We're not sure of the accuracy of this data or the statistical
validity.  In particular 1) Merit's method of storage doesn't provide
markers between data sets, 2) cummalitive probabilities of 20 packet
samples are fairly worthless for looking at the probability of losses
below 5%.  (The perl programs are all in the same directory so if you
see any bugs please tell me. :)

\begin{aside} 
Probability of 1% to 4% loss could be estimated by assuming data sets
are uncorrelated.  For example, the chance of 2.5% loss or more P(2.5)
is (1 - ((1 - P(5))**2)) * (1 - P(10)), or in english the estimate
probability that one of two samples is zero times the probability that
the other point is no worse than 5%.  Or something like that.  Apply
Bayes theorem of joint probabilities.  But is the data uncorrelated?
\end{aside}

Curtis

ps- wrt what's being done about it, this is an attempt to provide
insights into loss rates as per your point #2 but more for the purpose
of meaningful measure than any kind of guarantee.

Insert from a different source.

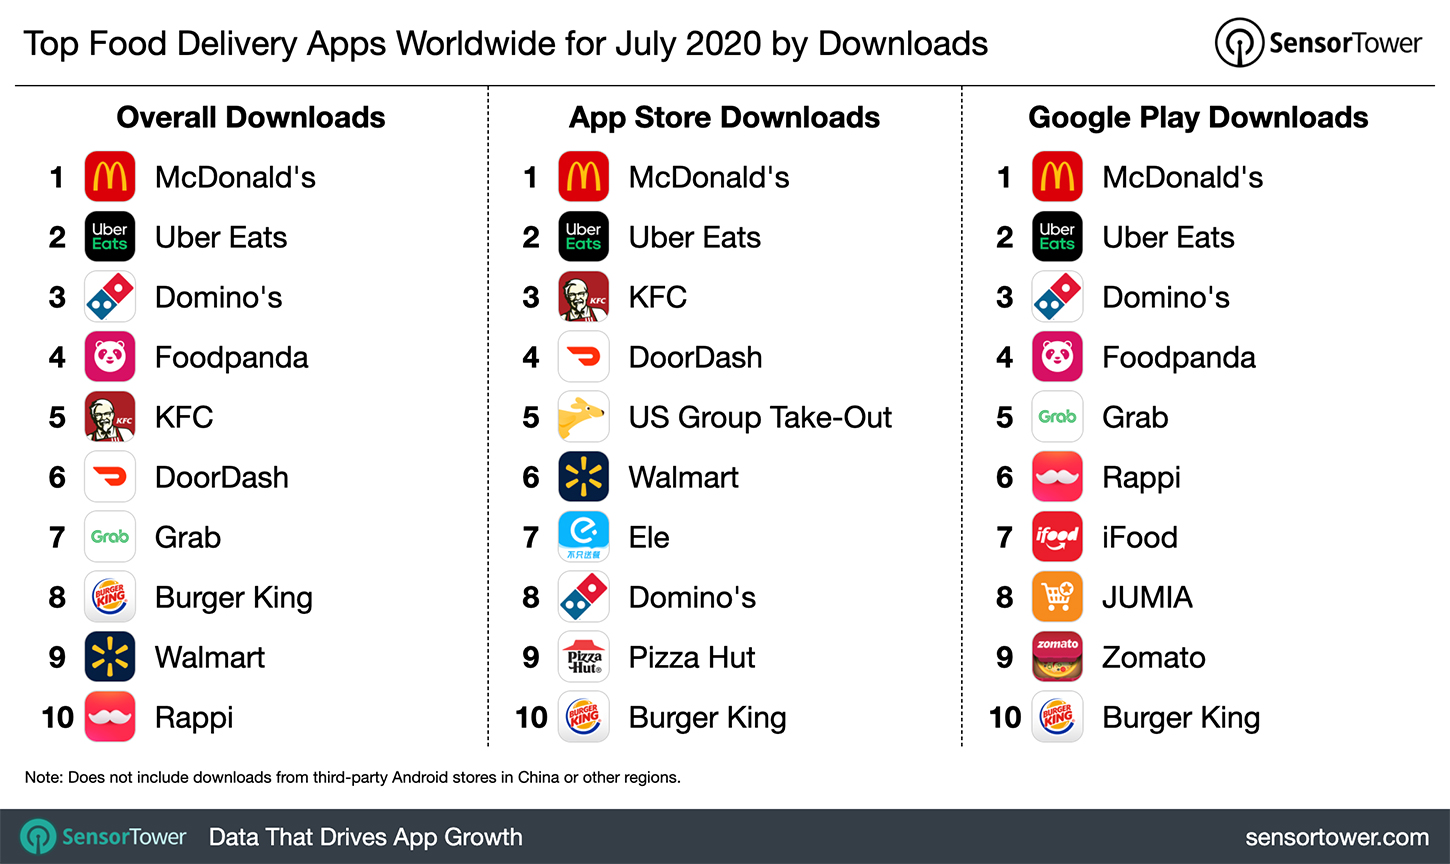 Top Food Delivery Apps Worldwide for July 2020 by Downloads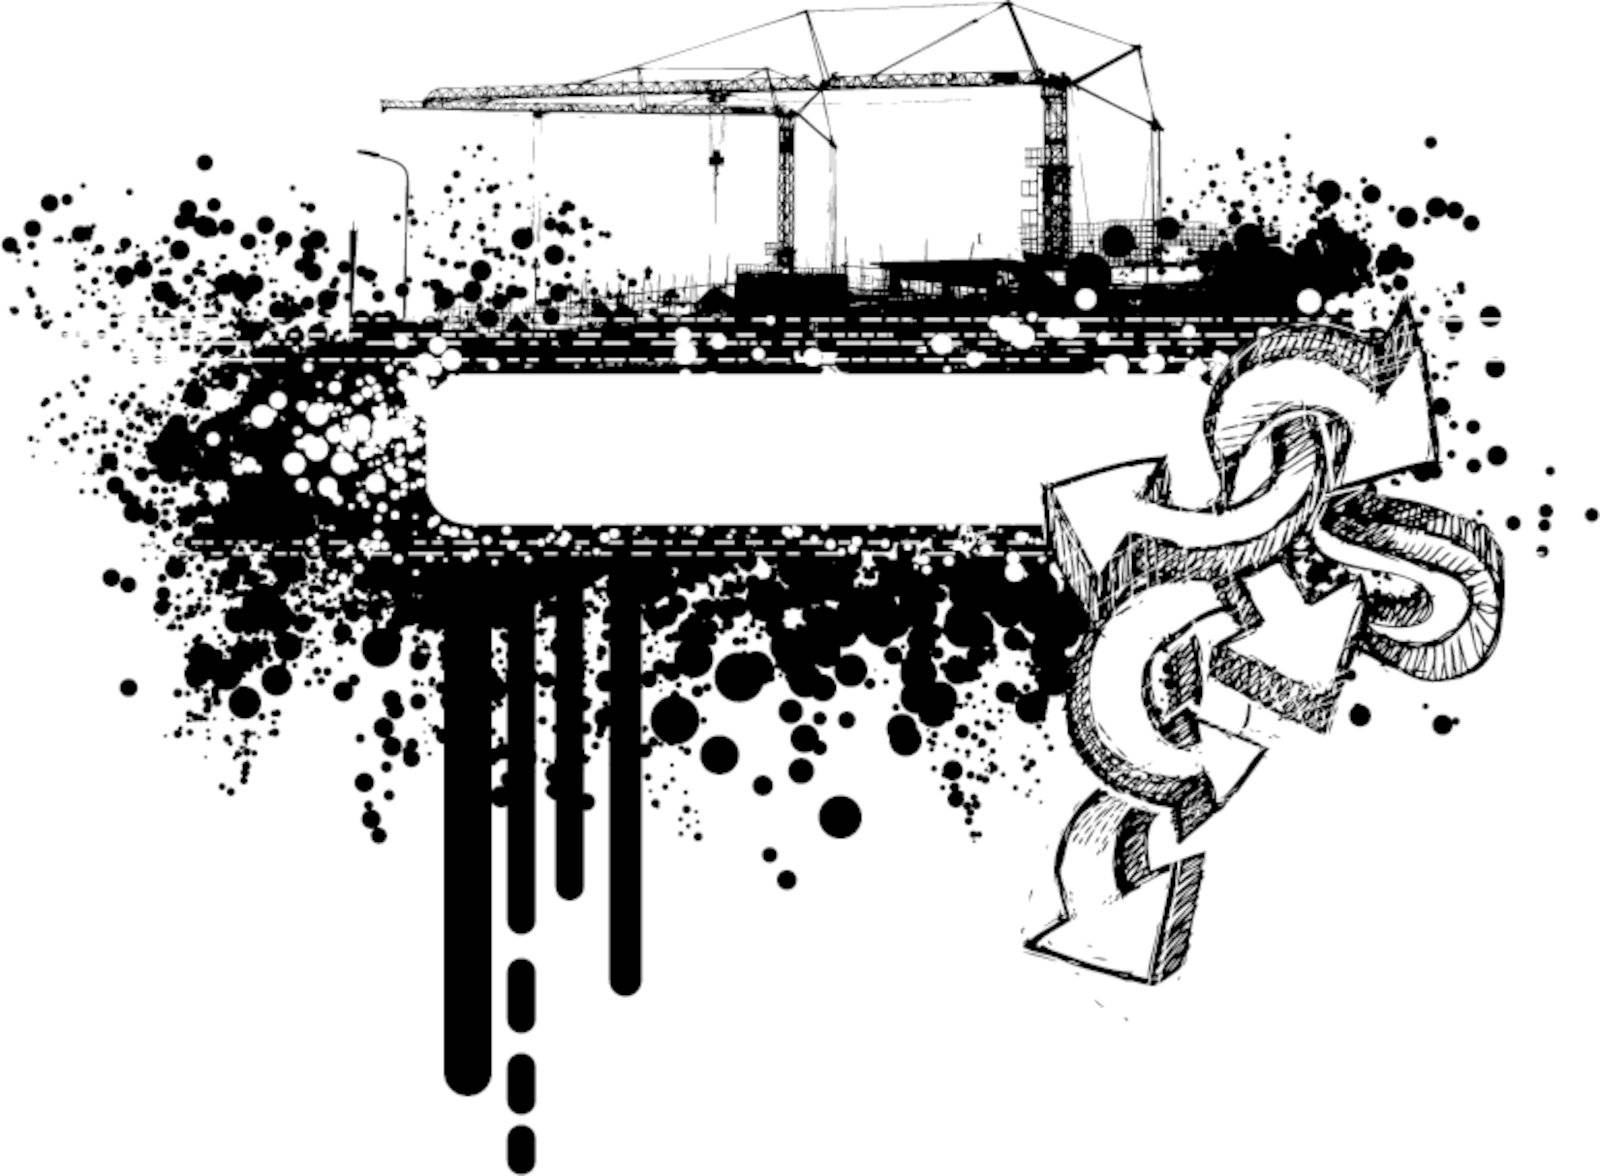 Grunge urban graphic frame with splatters, drops, stains, graffiti and cranes.

   2. Develop meaningful quality-of-service standards that can be used
      to guarantee reasonable performance in terms of end-to-end drop
      rates, delays, and downtime.

Though our loss is among the lowest, we're adding circuits to bring it
back so it is zero most of the time, where it used to be and where it
belongs.  I guess this is the reason for the "state of the Internet"
segment of NANOG tommorrow.  Other providers can speak for themselves.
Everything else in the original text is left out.